# MIUI 1.10.28 And Facebook



## antintyty (Jun 21, 2011)

I've noticed that pics that I upload disappear from my pic folder located on my phone, that's no good at all...

Any body else?


----------



## antintyty (Jun 21, 2011)

It is immediately deleted from that album when it uploads....


----------



## DXC (Aug 16, 2011)

can't replicate... anyone else?


----------



## kochoid (Jul 11, 2011)

That happened to me yesterday on 10.21. :-(


----------



## Lopedog (Jun 11, 2011)

droidxchat said:


> can't replicate... anyone else?


No problems here pic uploaded fine and still have pic on phone.

Gettin crazy with the Cheese Wiz.


----------



## DXC (Aug 16, 2011)

seems to be a global miui issue, here's it happen on the HD2:

http://forums.miui.us/showthread.php?9175-Facebook-picture-upload

you'll have to wait for the miui dev's to fix this one, sorry


----------



## kcirradx (Jul 29, 2011)

droidxchat said:


> can't replicate... anyone else?


Yes, this happened to me twice yesterday. Although in my case, the uploads to fb failed.
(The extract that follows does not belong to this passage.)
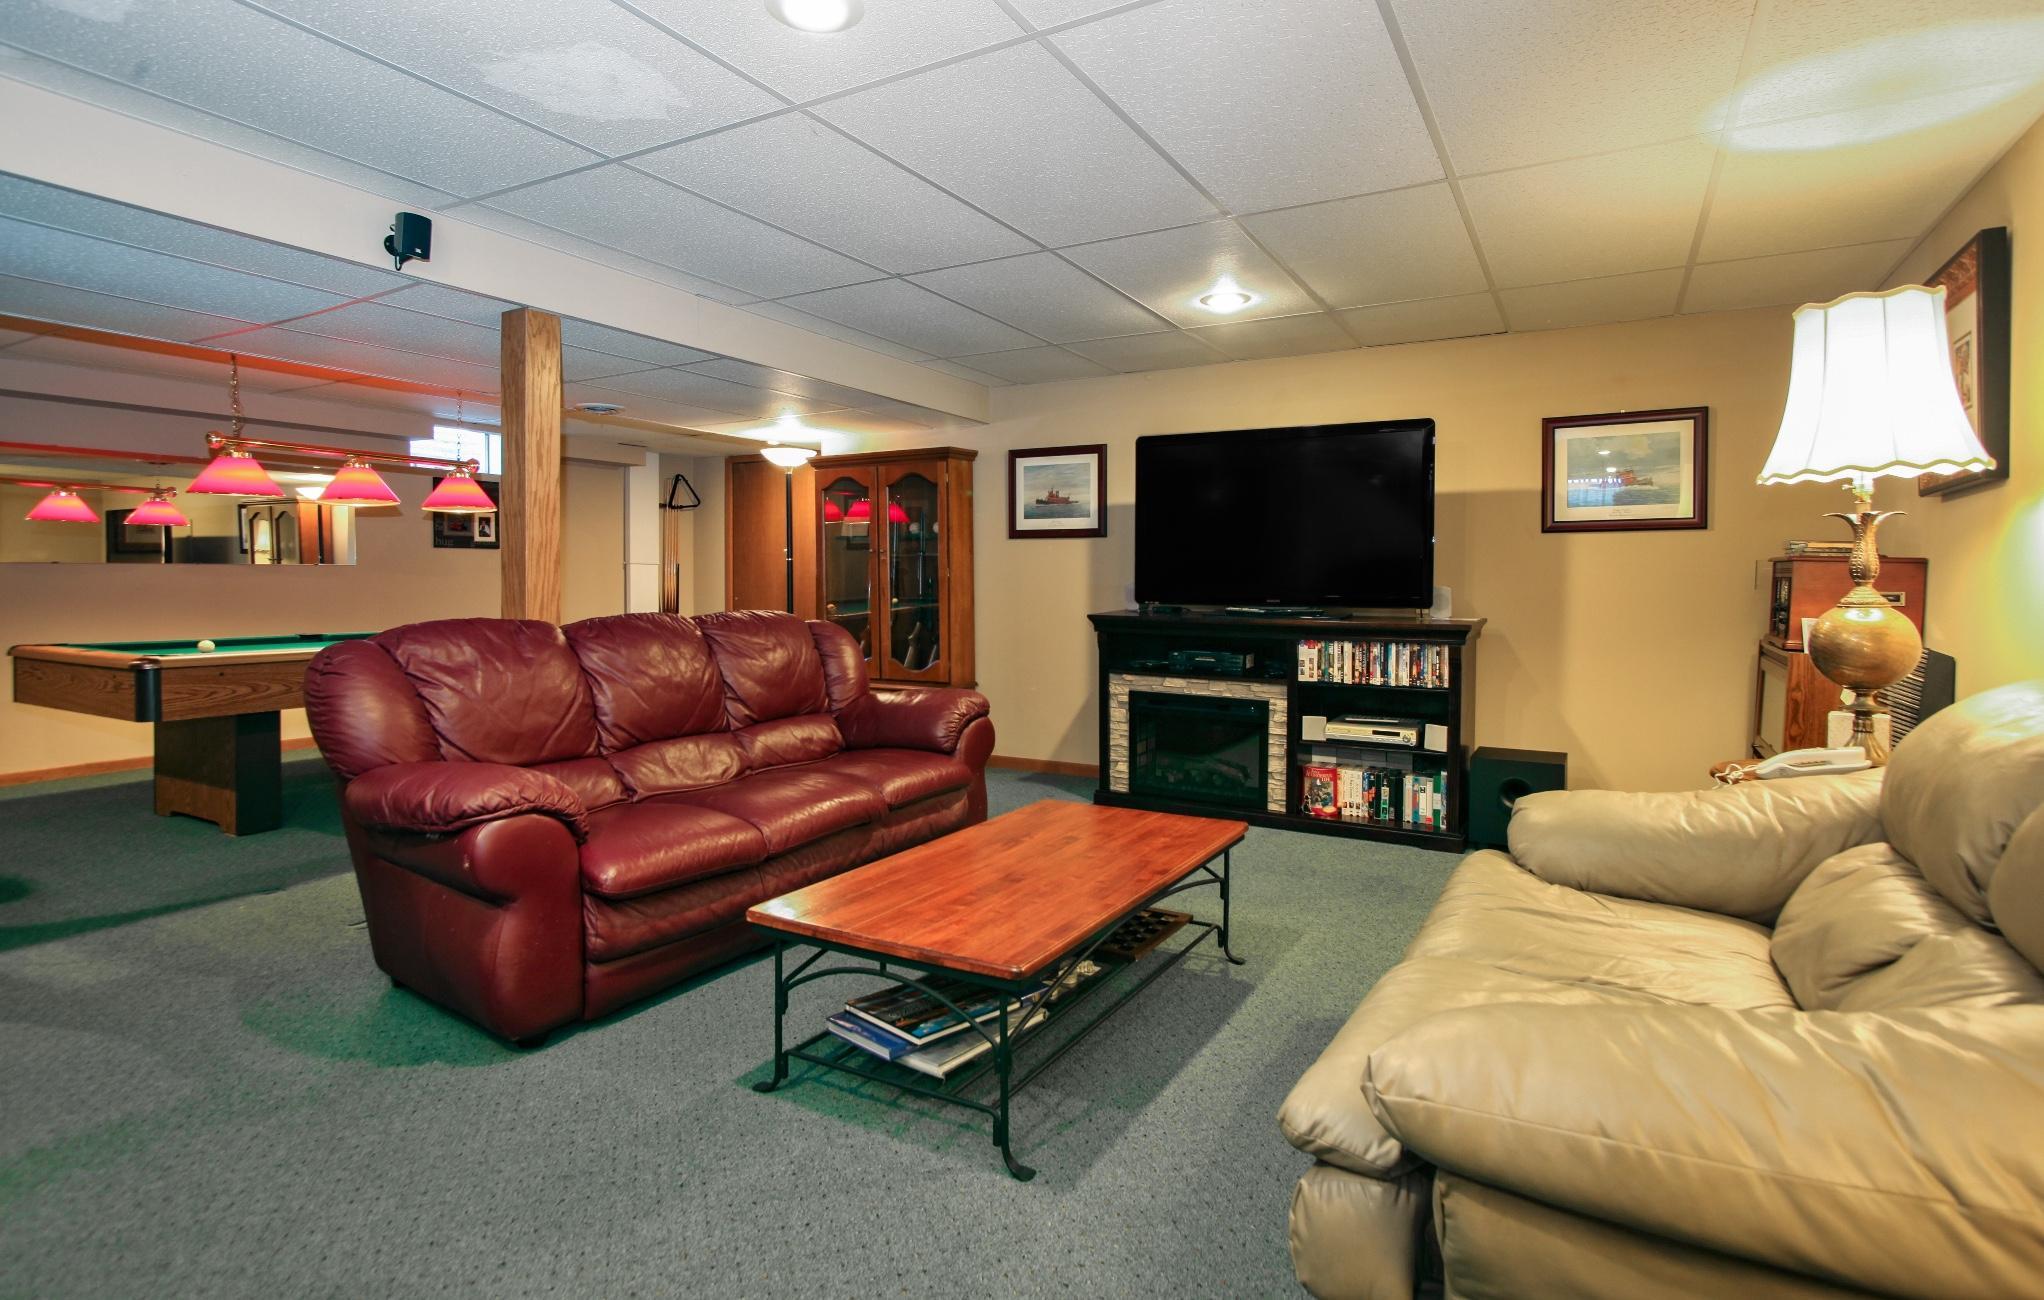 2221 Stony Ridge Dr, Waukesha, Wisconsin 53189, 3 Bedrooms Bedrooms, 8 Rooms Rooms,2 BathroomsBathrooms,Single-Family,For Sale,Stony Ridge Dr,1618379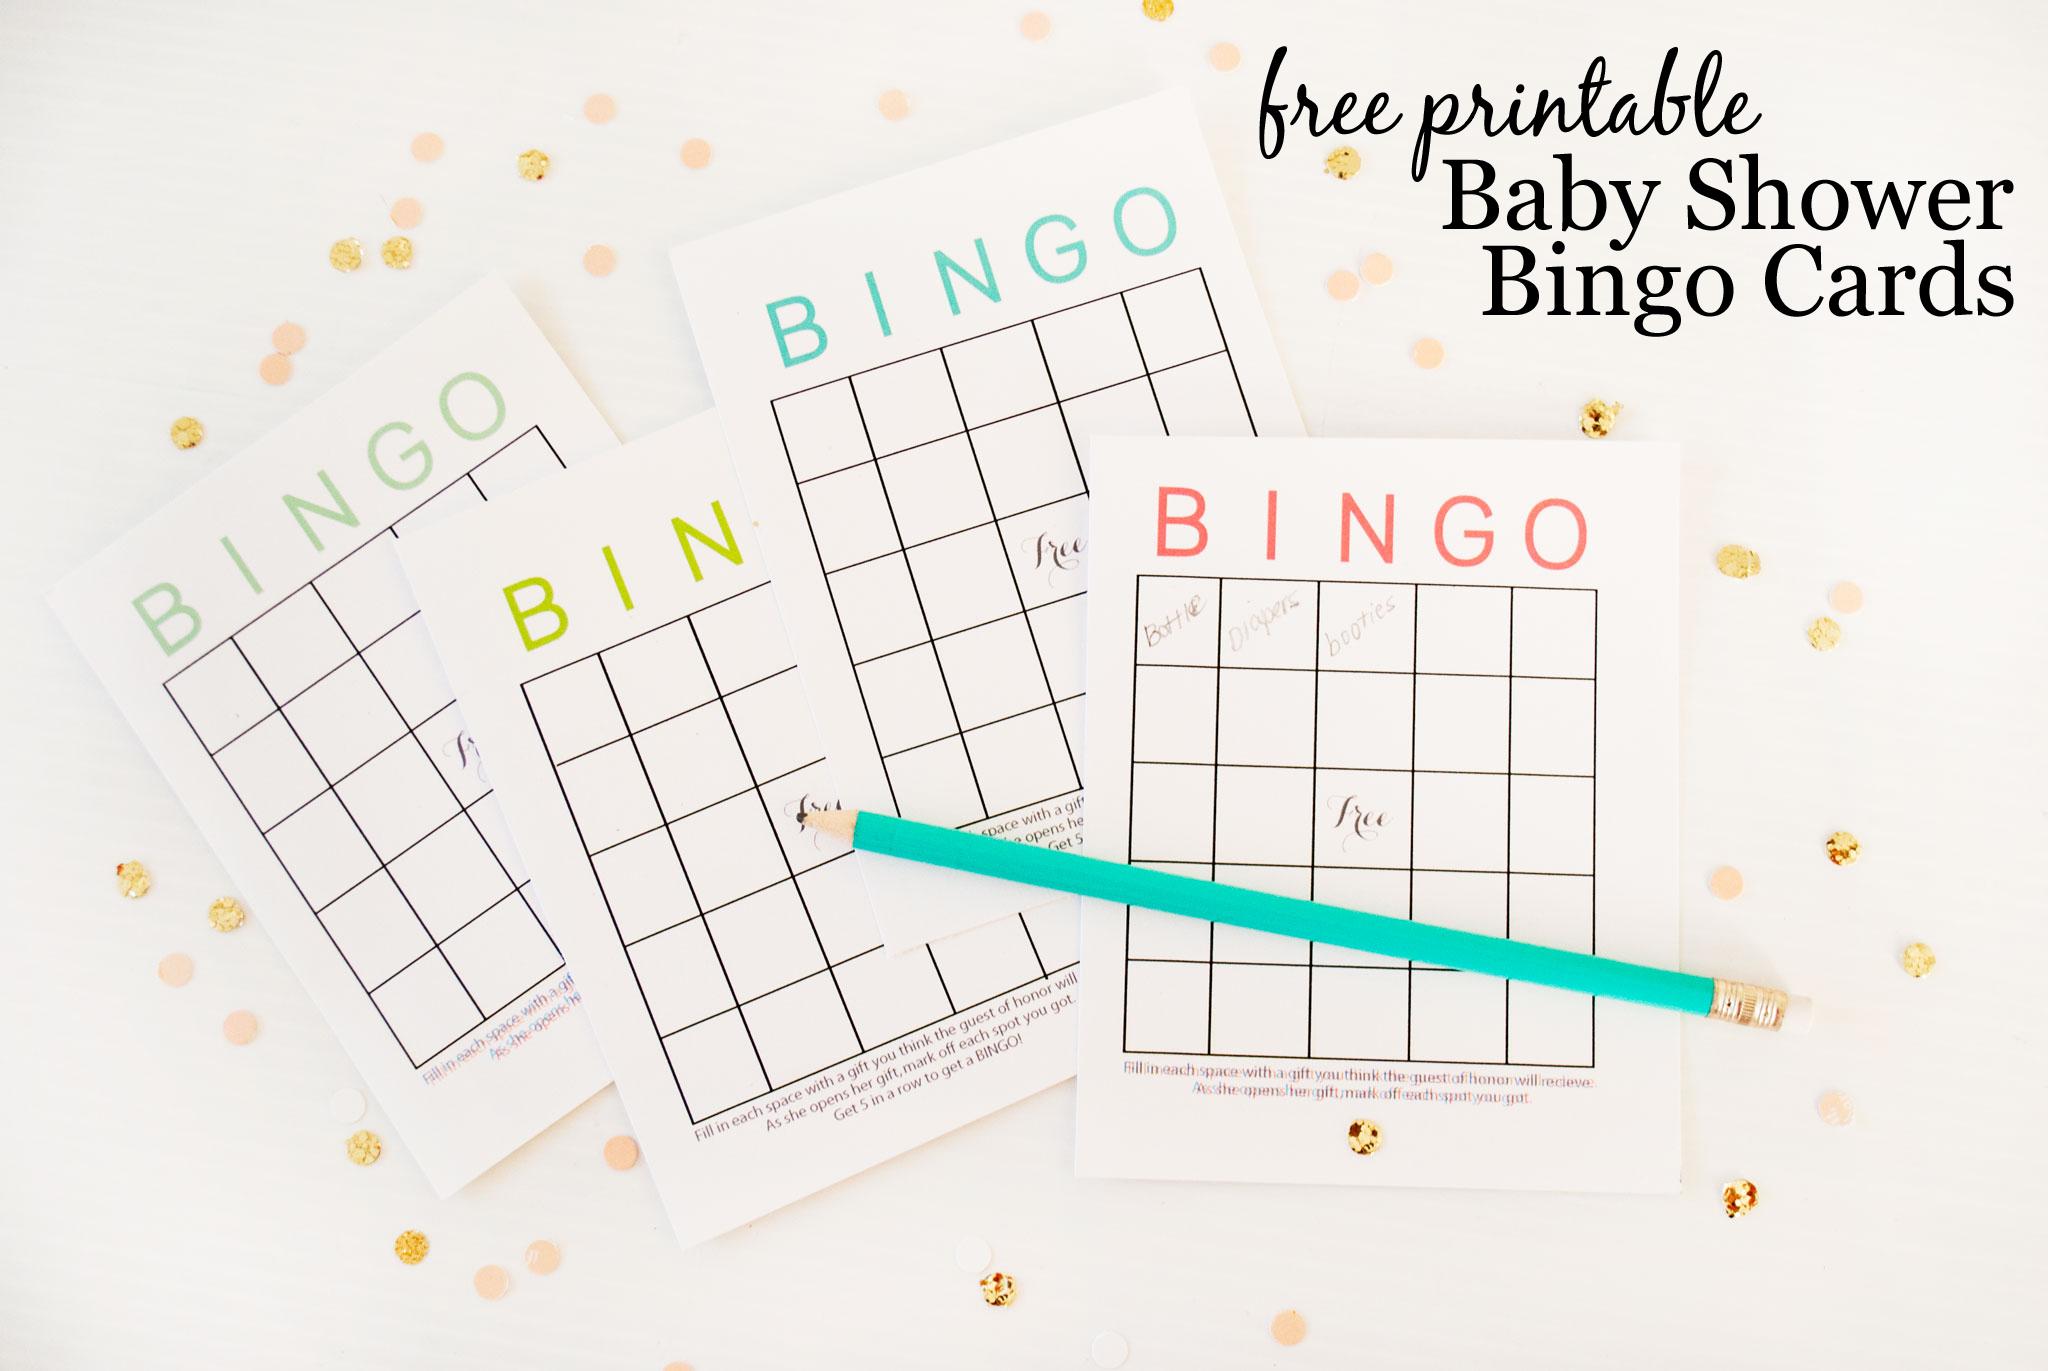 Free Printable Baby Shower Bingo Cards - Project Nursery

I attempted to upload 2 pics on separate occasions, each upload failed since I didn't have a 3g connection, and each photo disappeared from the gallery.

So I am left with neither of the photos I took.









On 1.10.21


----------



## DXC (Aug 16, 2011)

global miui issue, nothing i can do here, sorry


----------



## kcirradx (Jul 29, 2011)

droidxchat said:


> global miui issue, nothing i can do here, sorry


No problem dxc. Thanks for all your efforts with this rom!


----------



## antintyty (Jun 21, 2011)

Thanks for the info....


----------



## onlyred (Jun 7, 2011)

You might try cropping or otherwise editing your photo before uploading as a future workaround. That should automatically save a new image (the cropped/edited one) which in theory would maintain your OG image on your sd card. But I am only guessing here, I'm still on .21 waiting for a full charge before installing .28. Sorry you lost pics, that sucks


----------



## kochoid (Jul 11, 2011)

Use quickpic to upload. The pic does not get deleted from miui.us gallery or from quickpic.


----------



## masonjb (Oct 6, 2011)

Happened to me on .21, not only uploading to Facebook but sending in a picture message. Facebook uploads failed and pictures are gone.... But this only happened to pictures that I took with camera, if I forwarded a picture that was sent to me no problem...


----------



## BMc08GT (Jun 23, 2011)

thread moved and renamed to denote MIUI. developer section is currently only for releases.


----------



## kcirradx (Jul 29, 2011)

Thanks for the suggestions. Going to try quickpic. Hopefully, a fix is in the works because I usually access the default miui gallery from the miui camera. Having to access quickpic adds another step.


----------